§ Task goal:
Please repeat, from the entries that follow, the lines from the one containing "Puma men's ST" through the one containing "SENNHEISER MKE 200" exactly, adding nothing.

== Data listing ==

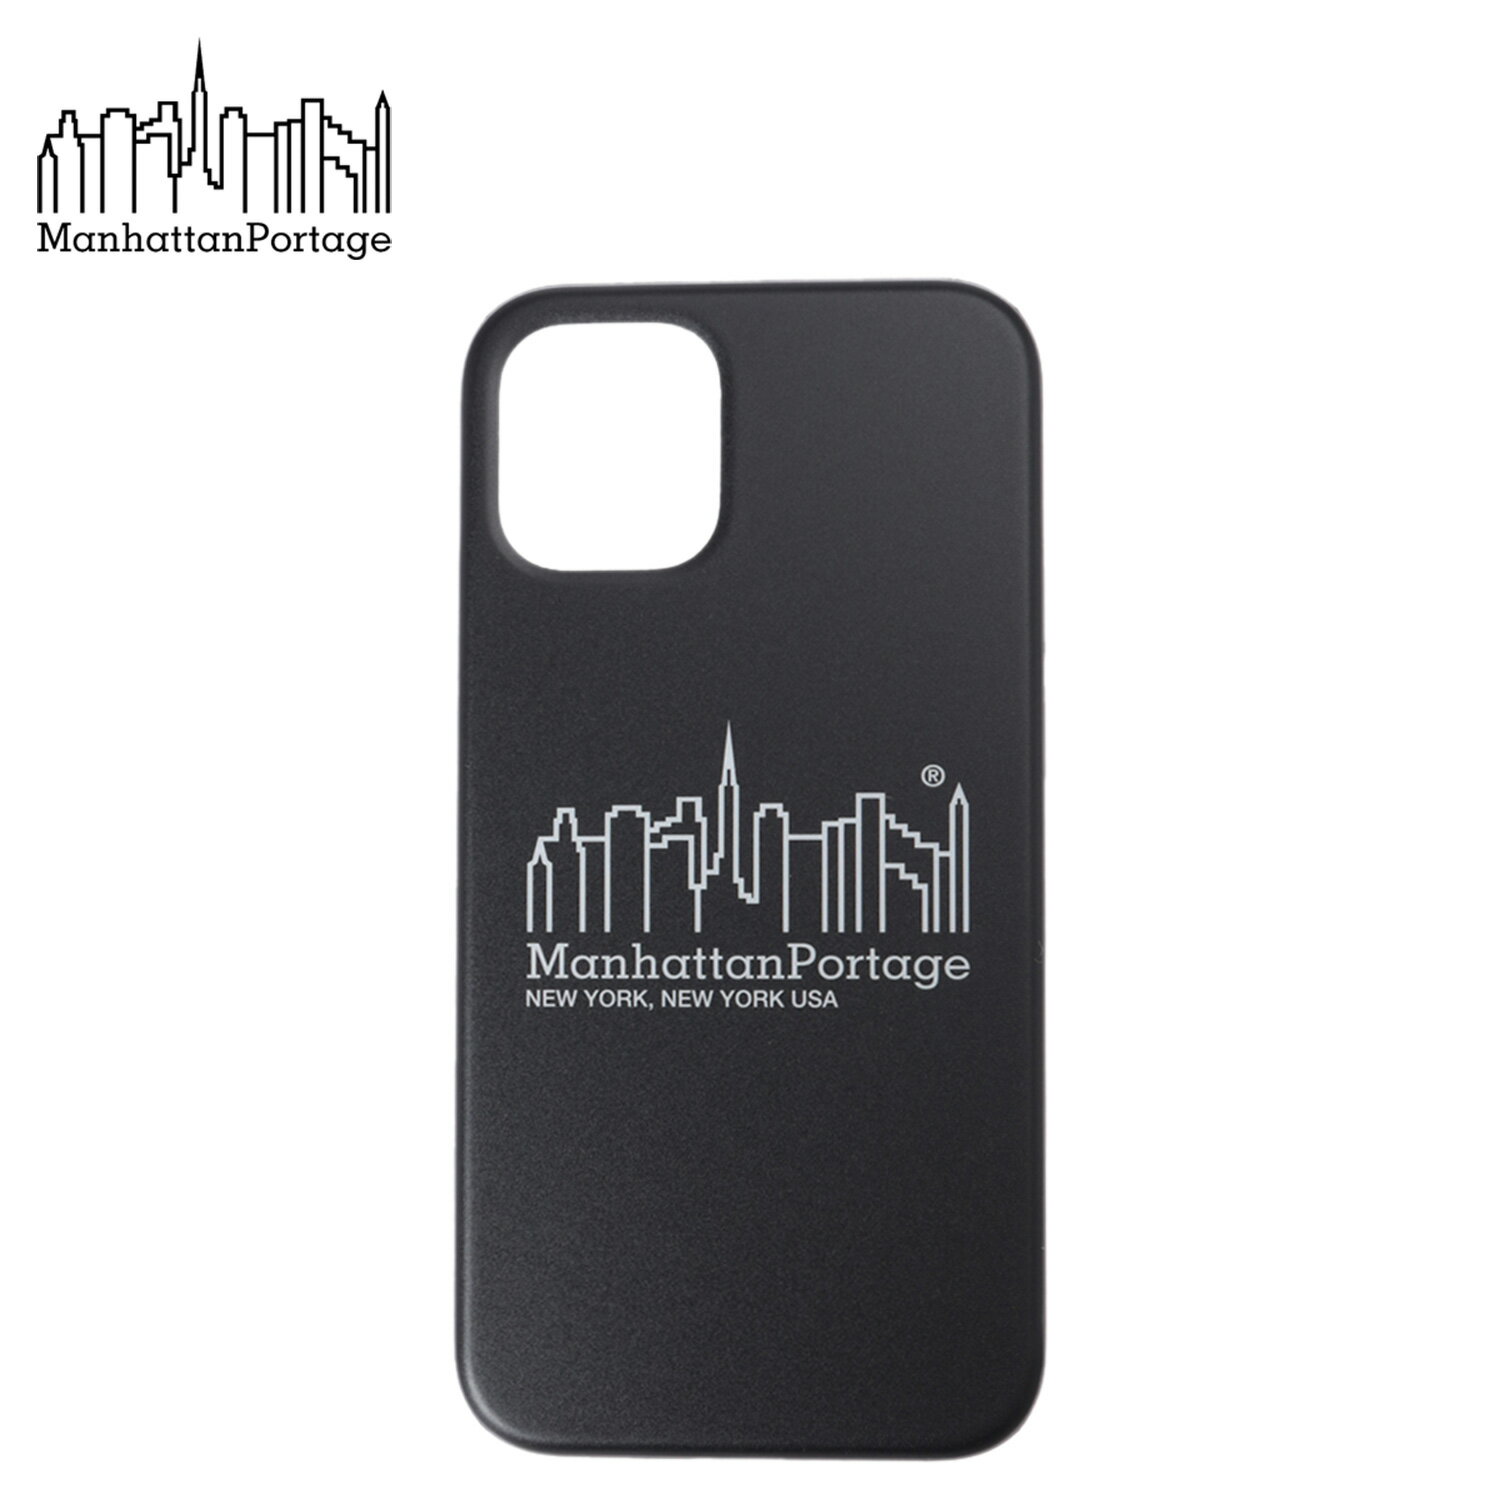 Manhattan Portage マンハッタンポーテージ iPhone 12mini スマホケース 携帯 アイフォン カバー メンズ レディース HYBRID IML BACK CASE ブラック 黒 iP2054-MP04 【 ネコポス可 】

===
== Data listing ==

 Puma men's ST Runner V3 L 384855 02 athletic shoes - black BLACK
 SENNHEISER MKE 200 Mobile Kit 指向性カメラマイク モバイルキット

===

§ Written response:
 Puma men's ST Runner V3 L 384855 02 athletic shoes - black BLACK
 SENNHEISER MKE 200 Mobile Kit 指向性カメラマイク モバイルキット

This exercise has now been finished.